While college-educated Americans battle over what marriage should mean, much of the country may be abandoning the institution entirely.
For a long time, the contours of America’s culture war seemed relatively straightforward. On one side was the country’s growing educated class, who tended to be secular, permissive and favorably disposed to the sexual revolution.
On the other side were the social conservatives of middle America — benighted yahoos or virtuous yeomen, depending on your point of view, but either way a less-educated and more pious demographic, with more traditional attitudes on sexuality and family.
Decades of punditry, pop sociology and prejudice have been premised on this neat division — from the religious right’s Reagan-era claim to be a “Moral Majority” oppressed by a secular elite, to Barack Obama’s unfortunate description of heartland America “clinging” to religion.

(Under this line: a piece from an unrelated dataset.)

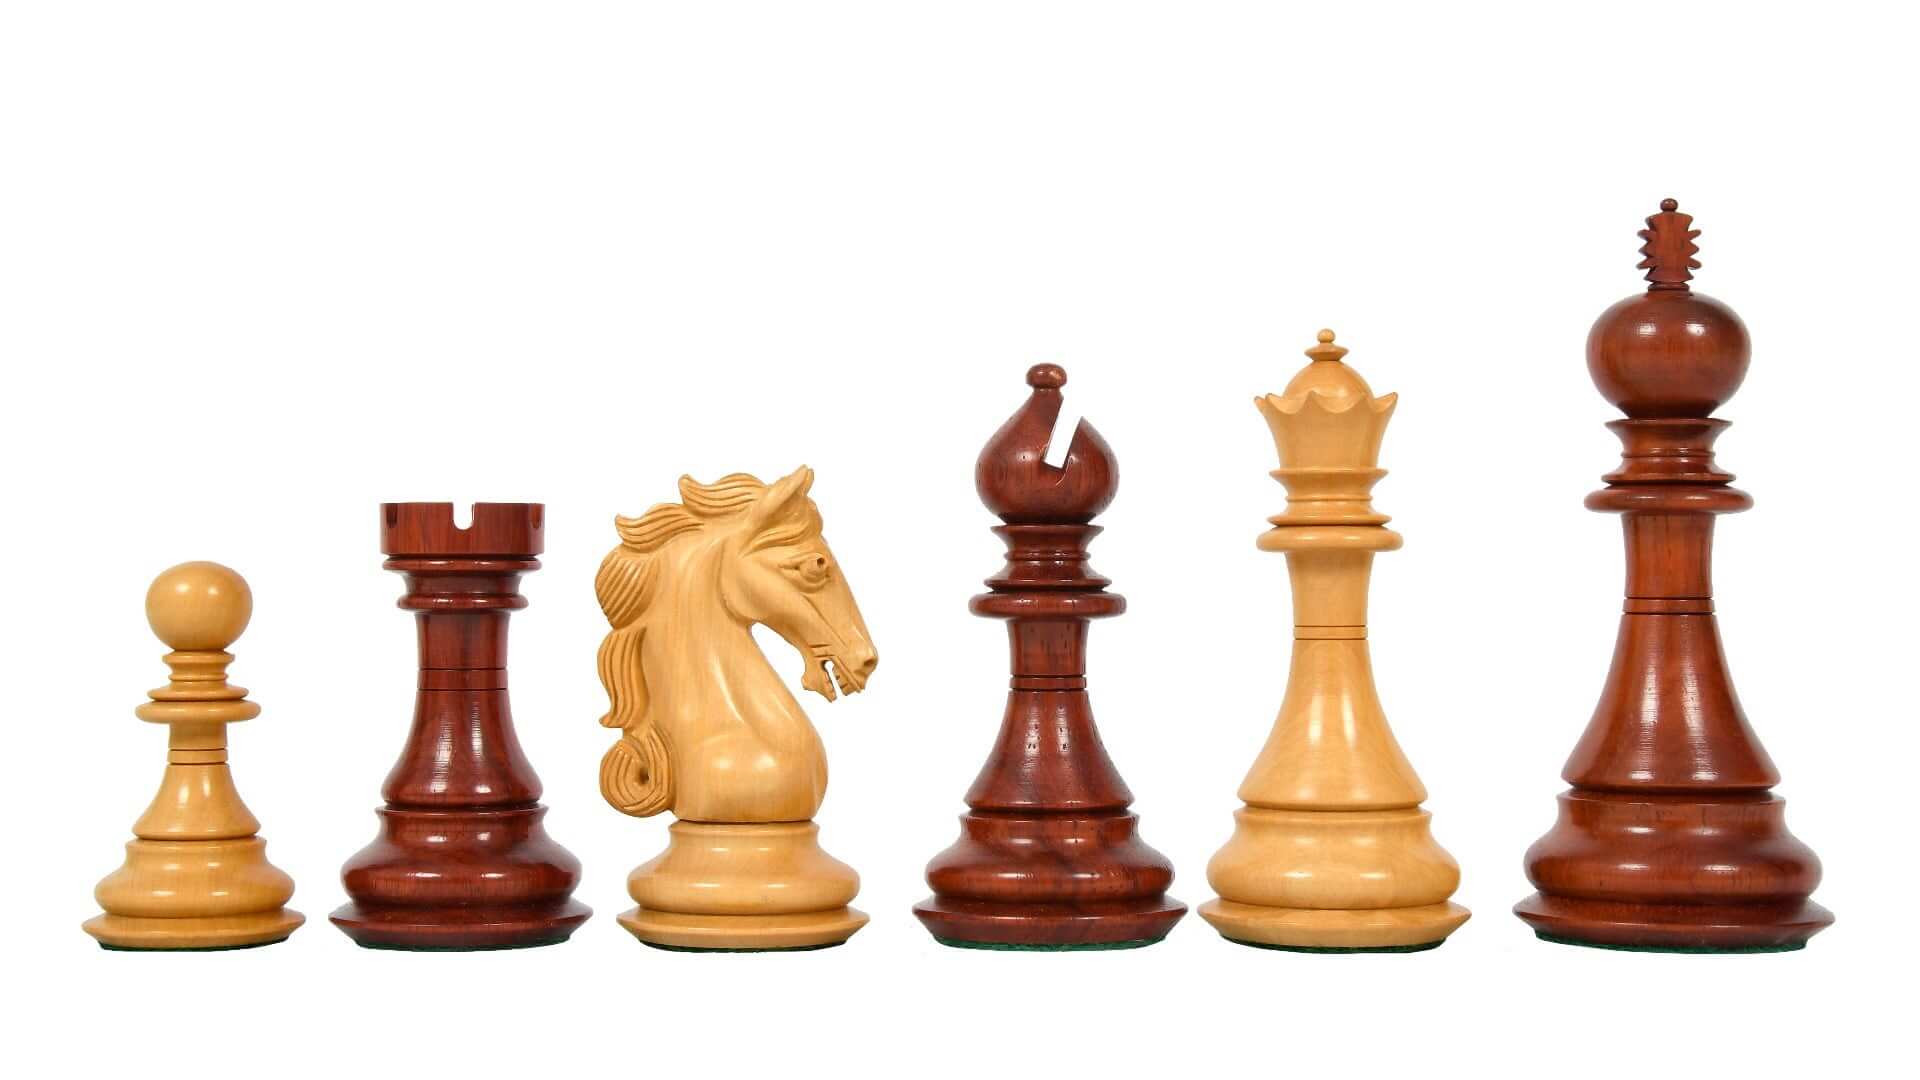 Schöne holz schachfiguren schach

Like any binary, it oversimplified a complicated picture.
But as a beginner’s guide to the culture war, the vision of white-collar social liberals and blue-collar cultural conservatives was, for a substantial period, more accurate than not.
That may no longer be the case. This week, the National Marriage Project is releasing a study charting the decline of the two-parent family among what it calls the “moderately educated middle” — the 58 percent of Americans with high school diplomas and often some college education, but no four-year degree.
This decline is depressing, but it isn’t surprising.